Форма на мне военная, офицерская. Недавно только выдали и перед строем 
торжественно объявили, что мы, начальники паровозных бригад 
в прифронтовой полосе, приравниваемся теперь к командирам Красной Армии». 


А с утра опять в путь. По солнцу сверяюсь, вроде на север мне надо. Только солнце быстро зашло, опять бреду наугад. Лес сырой. Большие болота обхожу, через малые так перебираюсь, меня болотами не испугаешь, вырос среди них. Только земля посуше пошла, на горочку взобрался, а тут и лесу конец, впереди деревня малая. Обрадовался, сейчас дорогу до станции узнаю. Да только зря радовался, деревенька пустая оказалась, ни одной живой души. Попил воды из колодца и дальше пошёл. За мной увязалась брошенная кошка. Бежит следом и кричит-мялендает, как резаная. Я прибавил шагу, отстала. Далеко от родной деревни боится паразитка отходить. А мне вот надо идти. Только куда? Пошёл прямо, авось куда-нибудь выйду. Опять кругом лес да болота. Тут мне совсем муторно стало, голова так разболелась, света белого не вижу. Упал, где шёл. Весь вечер и всю ночь пролежал на мху, проскрипел зубами, лишь под утро уснул.

С утра снова в путь. Не помню как, не помню куда, от головной боли совсем отупел. Наконец, лес вновь расступился, на этот раз окончательно. Передо мной расстилалась бескрайняя гладь огромного озера. Мать честная, это ж я к Ладоге вышел! Посмотрел вправо, посмотрел влево – никого, ничего. Побродил, покричал. Слух ко мне понемногу возвращался. Когда кричу, то свой голос уже слышу, это хорошо. Но проснулся голод, да и продрог. С озера ветер холодный, а я мокрый весь, через болота шёл. Стал спички по карманам искать и нашёл – вот счастье. Во внутреннем кармане шинели отыскал, сухие. Решил костерок разложить из тех дров, что озеро на берег выносит. Обсушился, обогрелся и заснул возле огня спокойным, почти здоровым сном.

Под утро проснулся от холода. Костёр догорел, и угли ветром размело. Только встал, только попрыгал, чтоб согреться, слышу – сзади издалека кто-то кричит: «Сейсо, сейсо…». Обернулся посмотреть и чуть не упал от неожиданности. Прямо передо мной, в двух шагах, стоит солдат с автоматом наперевес.
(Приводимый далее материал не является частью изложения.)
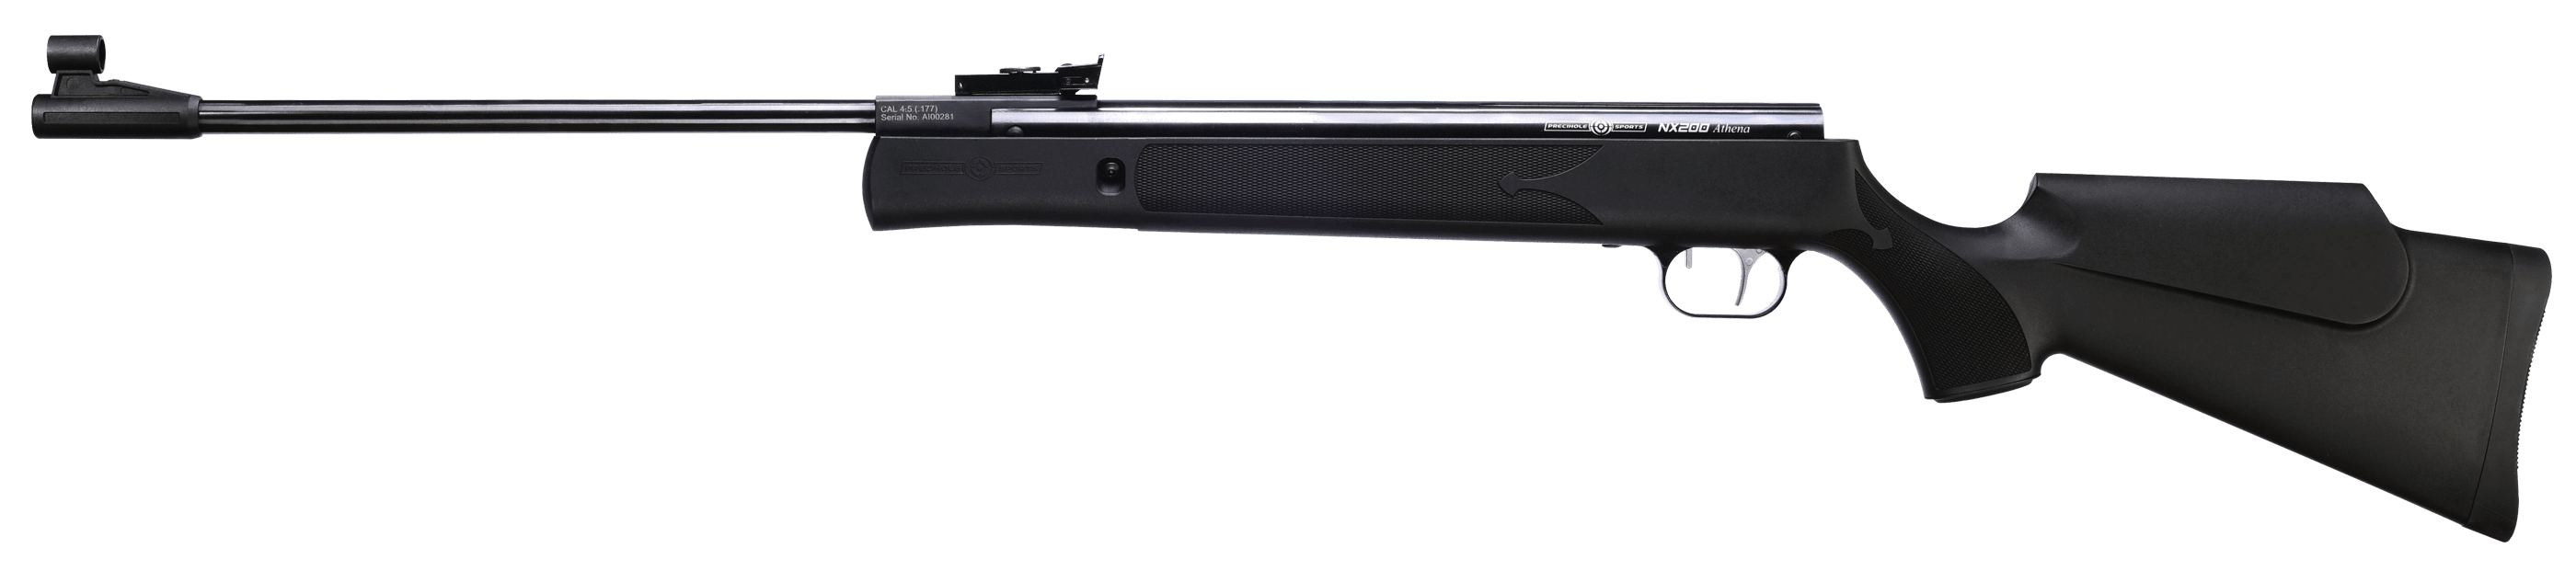 NX200-Athena-air-rifle-break-barrel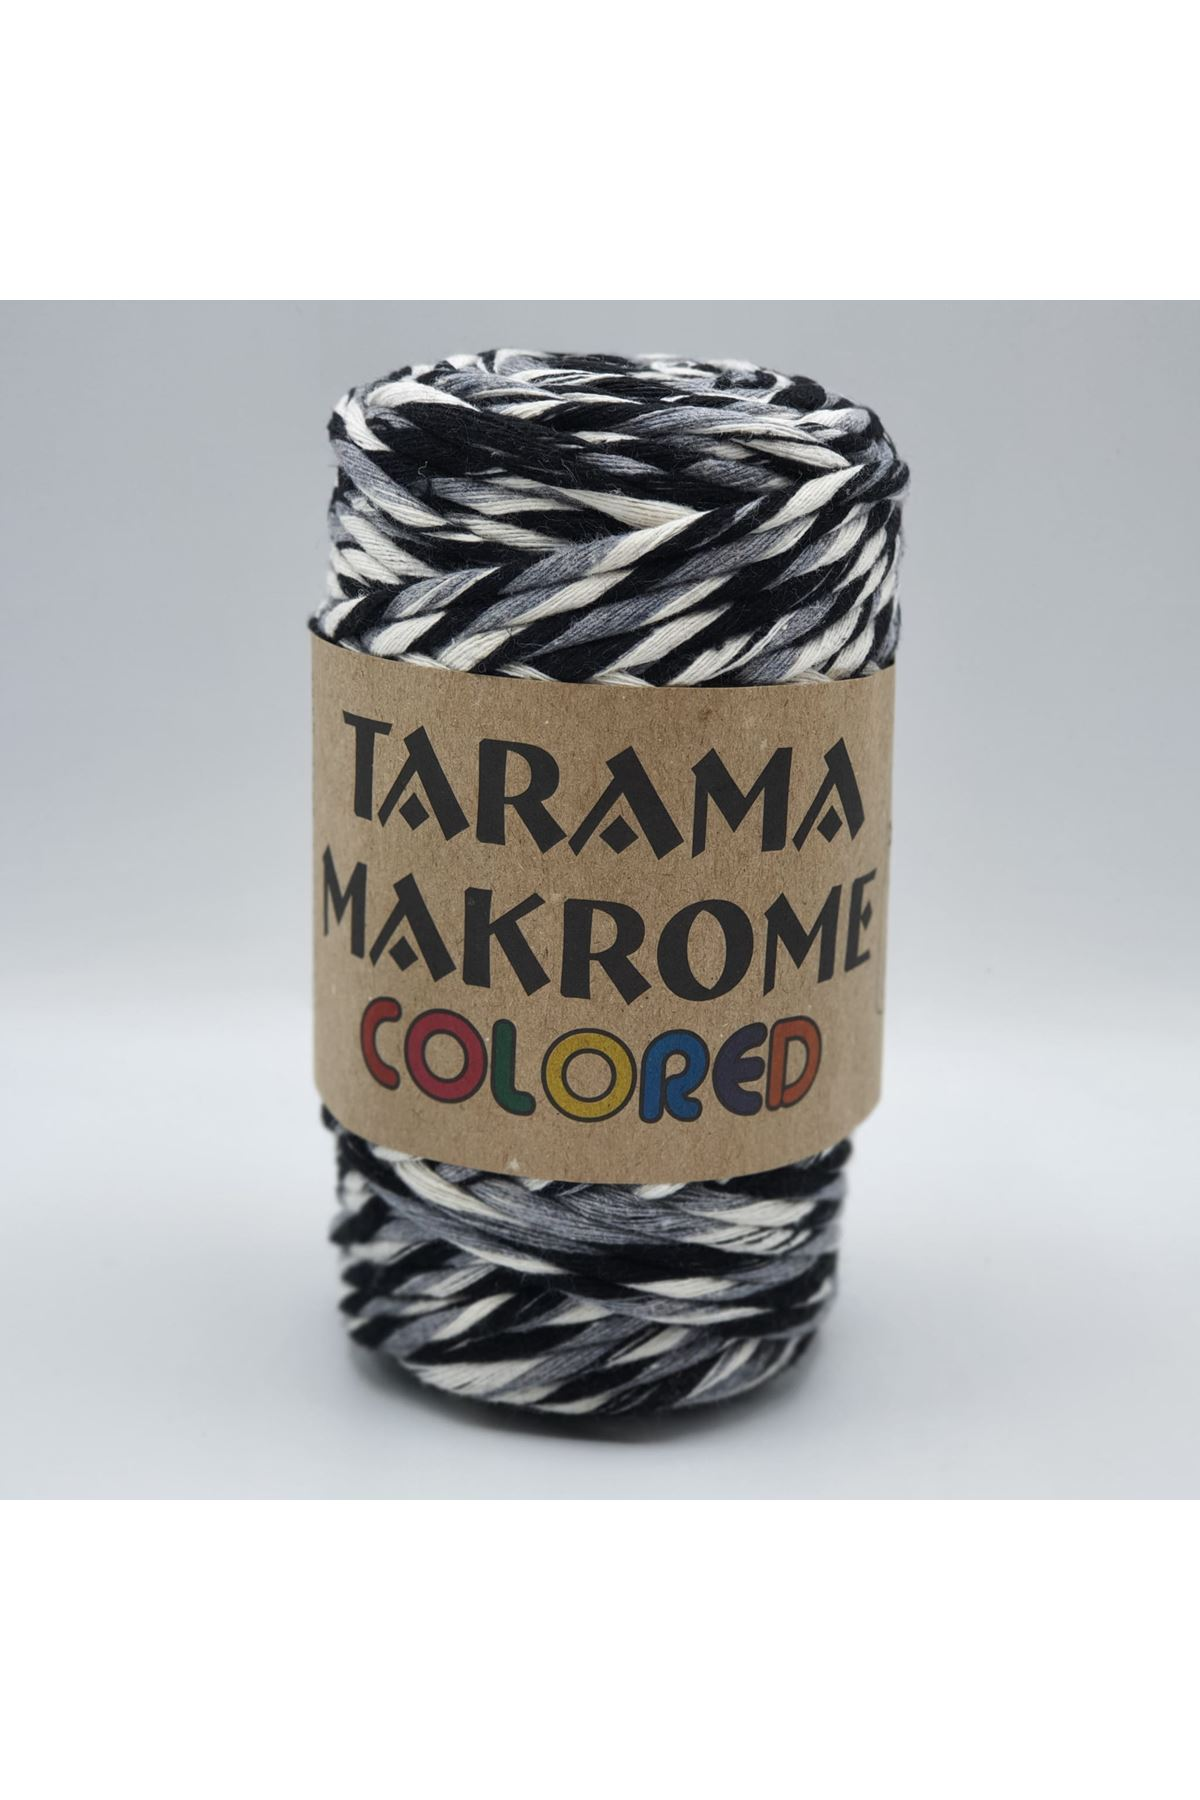 Tarama Makrome Colored 5 mm - 06

Ну, слава тебе Господи, добрался до береговой охраны! А солдат тычет в меня стволом и кричит, аж покраснел от натуги. Только до меня еле-еле, как из дальней дали, едва доносится: «Сейсо… Кядэт улёс…». Финн, мать вашу! Вот тебе и береговая охрана. А вражина надрывается: «Кядэт улёс!». Потом по-нашему кое-как: «Рукки веех!». Поднял я руки, а что поделаешь? Попался.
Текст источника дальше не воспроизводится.